= Xing-Fang Li =

Canadian toxologist

Xing-Fang Li is a toxicologist whose research involves the discovery and identification of water contaminants through the development of new analytical technologies, as well as the engineering of solutions to ensure safe drinking water. Li is a professor at the Department of Laboratory Medicine and Pathology at the University of Alberta in Canada. She is a Canada Research Chair (Tier 1) in Analytical and Environmental Toxicology, and was appointed as a Fellow of the Royal Society of Canada in 2021.

== Career ==
Li completed a Bachelor of Science in Chemistry from Zhejiang University (1983), a Master of Science in Environmental Chemistry from the Research Centre for Eco-Environmental Sciences at the Chinese Academy of Sciences (1986), a Master of Science in Analytical Chemistry from Brock University in Canada (1990), and a PhD in Environmental/Analytical Chemistry from the University of British Columbia (1995). Li completed postdoctoral research at the University of Alberta (1994-1997), and later returned from industry to join as a professor at the University of Alberta's Faculty of Medicine and Dentistry in 2001.

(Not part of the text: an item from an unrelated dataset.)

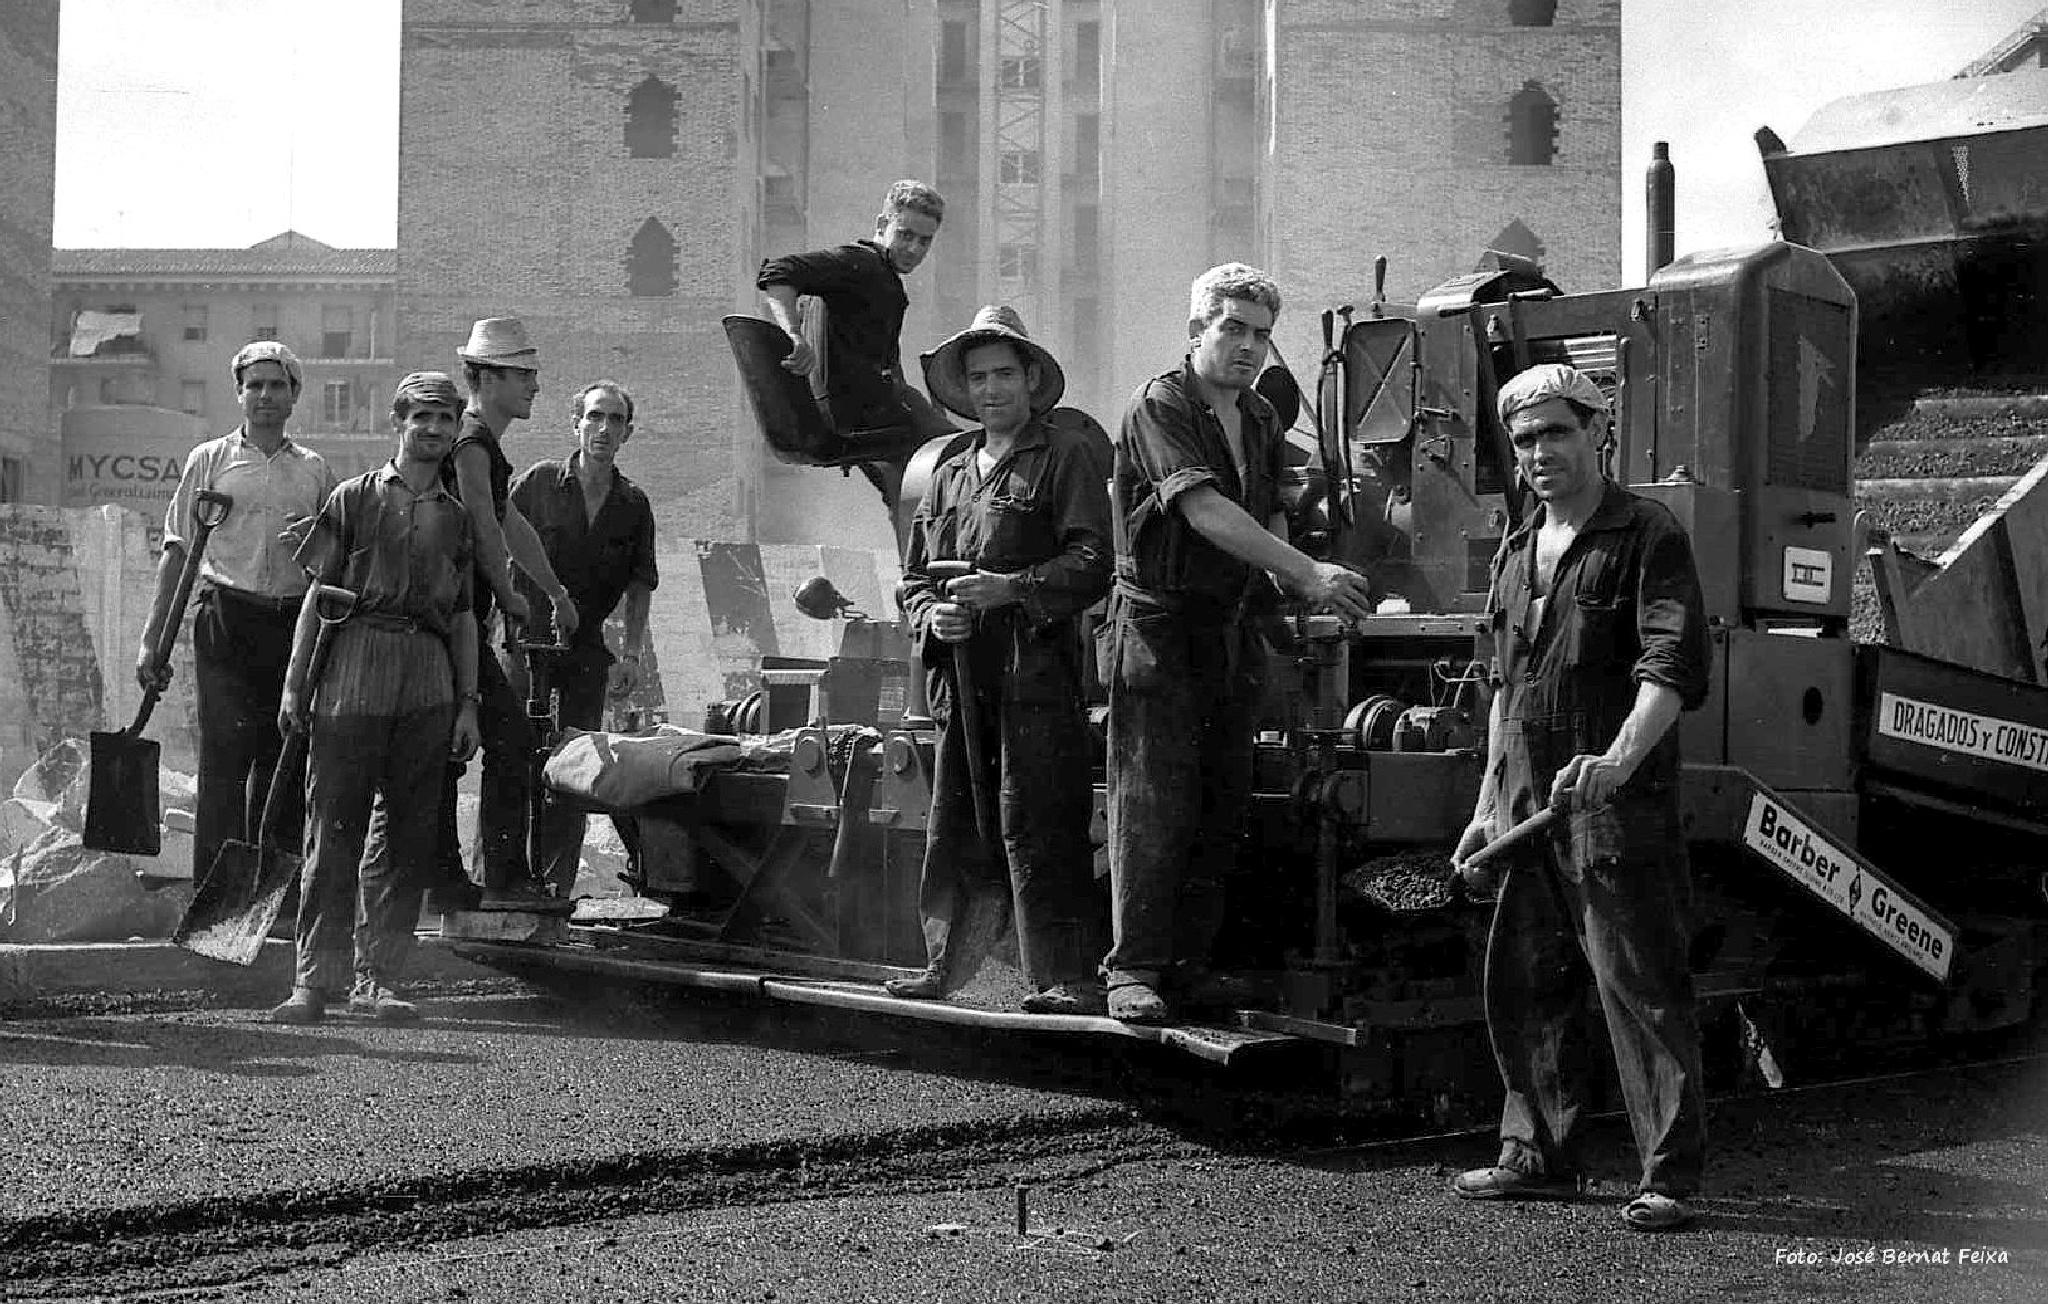 Retrato de trabajadores de la carretera, Portret van wegwerkers, Portrait of road workers (60's) by José Bernat Feixa

Li has published over 150 academic publications, which have been cited over 10,000 times, resulting in an h-index and i10-index of 57 and 143 respectively. Previously, research from Li's lab found that measuring levels of the common artificial sweetener acesulfame potassium (Ace) is a way to determine the concentration of urine in pools. Their research found Ace in all 31 pools and hot tubs tested in two Canadian cities between May and August 2014, indicating that large amounts of human urine can be found in an average swimming pool.

In 2020, Li received the Chemical Institute of Canada's Ricardo Aroca Award for "a distinguished contribution to the field of analytical chemistry while working in Canada."

== Selected academic publications ==

- Arsenic binding to proteins. Shengwen Shen, Xing-Fang Li, William R Cullen, Michael Weinfeld, and X Chris Le. 2013. Chemical reviews.
- Drinking water disinfection byproducts (DBPs) and human health effects: multidisciplinary challenges and opportunities. Xing-Fang Li, William A Mitch. 2018. Environmental Science & Technology.
- DNA-mediated homogeneous binding assays for nucleic acids and proteins. Hongquan Zhang, Feng Li, Brittany Dever, Xing-Fang Li, X Chris Le. 2013. Chemical reviews.
- A microRNA-initiated DNAzyme motor operating in living cells. Hanyong Peng, Xing-Fang Li, Hongquan Zhang, X Chris Le. 2017. Nature communications.